Last month, TIME Magazine did a great story on what lessons Cleveland can learn from Torino, Italy. Check out the piece below: 
What Tornio Can Teach Cleveland 
By Stephan Faris 

The closure of Torino's Lingotto assembly plant in 1982 was a body blow for the Italian car capital. The Fiat automobile factory, inaugurated in 1923, was once the largest in Europe. Assembly lines carried cars up five levels and delivered them fully formed onto the roof, where they'd whip around an oval test track before spiraling down the building's ramps and heading to showrooms. The shutdown marked the end of an era. That decade, Torino would lose more than 100,000 jobs, a trend that would continue through the rest of the century as the city's industrial dominance slowly bled away. (See TIME's photo-essay "Torino's Lingotto: Symbol of an Aging Auto City Reborn.")

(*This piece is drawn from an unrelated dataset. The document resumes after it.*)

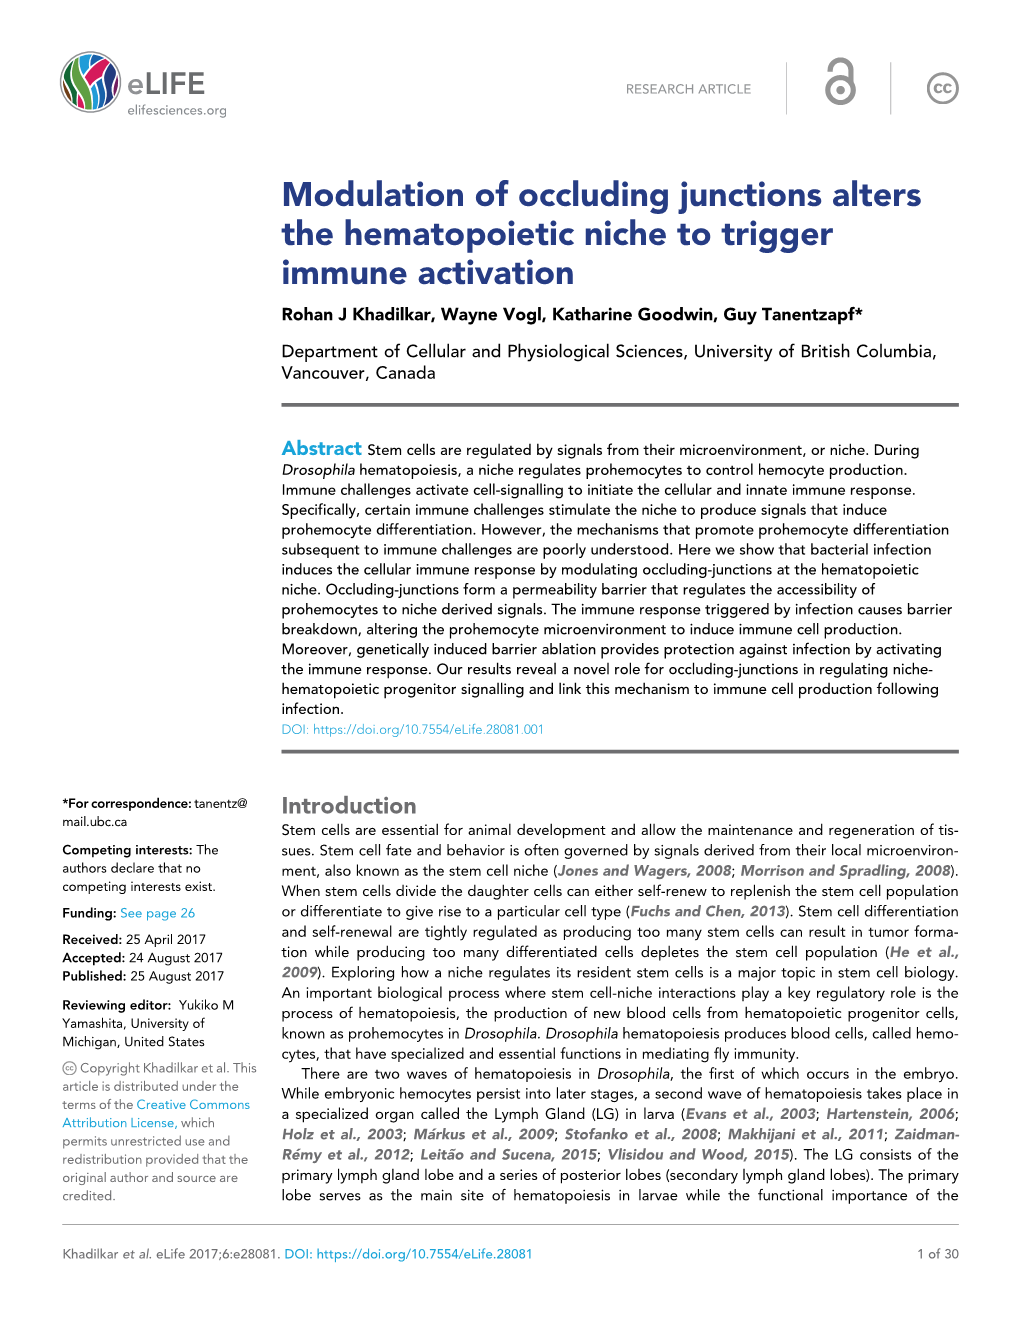 Modulation of Occluding Junctions Alters the Hematopoietic Niche to Trigger Immune Activation Rohan J Khadilkar, Wayne Vogl, Katharine Goodwin, Guy Tanentzapf*

Today the Lingotto plant stands once again as the symbol of the city. Only now the old factory serves as a testimonial that there can be life after the auto industry. Redesigned in the 1990s by Italian architect Renzo Piano, it forms the hub of a revitalized commercial district. The assembly floors, far from silenced, host a shopping mall, a multiplex, two hotels and an art gallery, and on the roof are a rooftop meeting room, a panoramic restaurant and a helicopter landing pad. The test track remains, now at the disposal of hotel guests looking for a jog high above the city streets.

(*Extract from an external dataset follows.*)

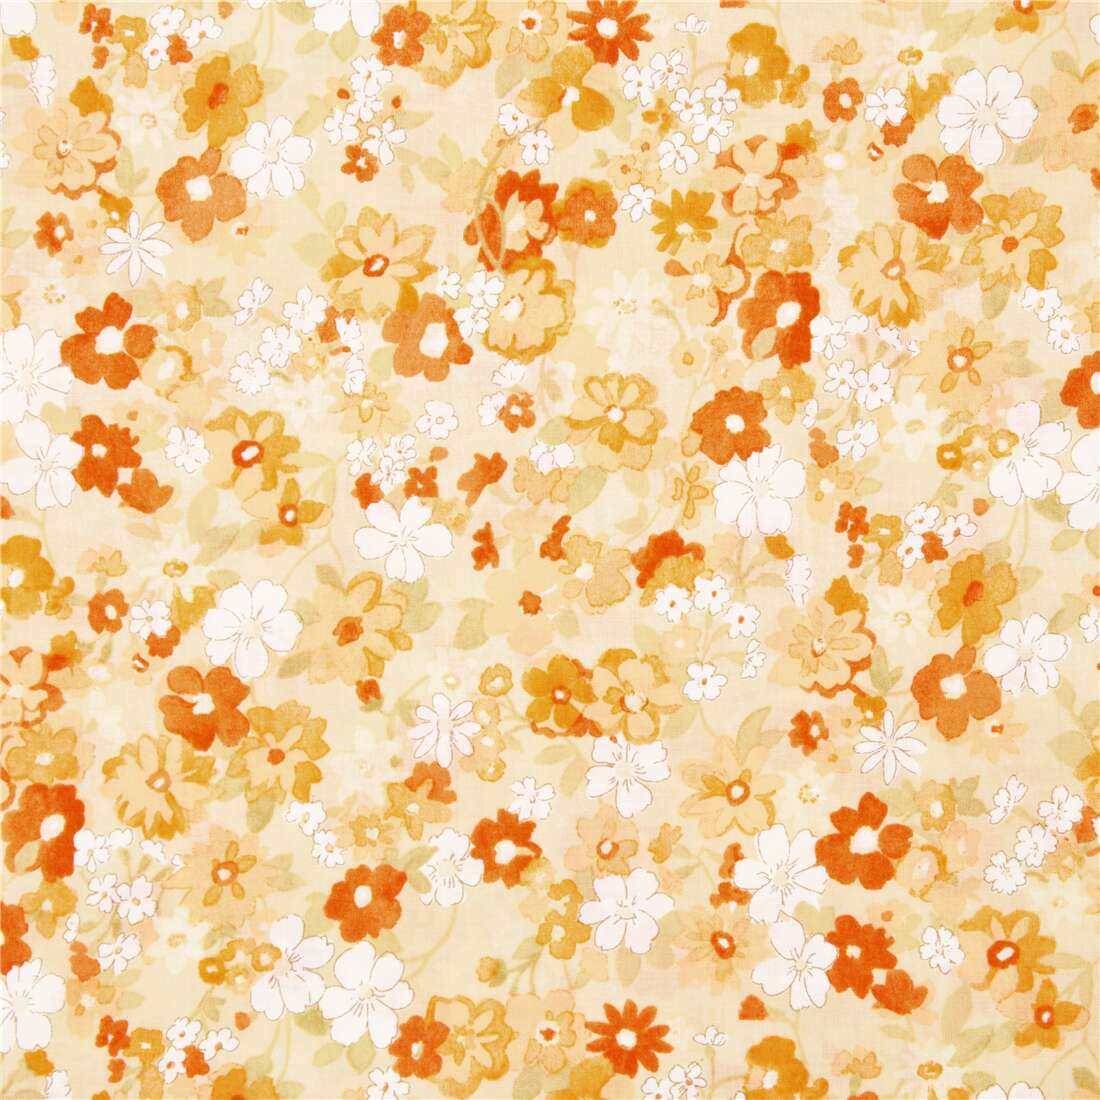 orange fabric pattern

Torino — once known as the Detroit of Italy — has become a model of how a city can transform itself after an industrial collapse. It's the latest chapter in how this city, which dates to ancient Roman times, has remade itself as its political and economic fortunes have shifted. Once Italy's capital, Torino turned to industry at the end of the 19th century after power moved to Rome.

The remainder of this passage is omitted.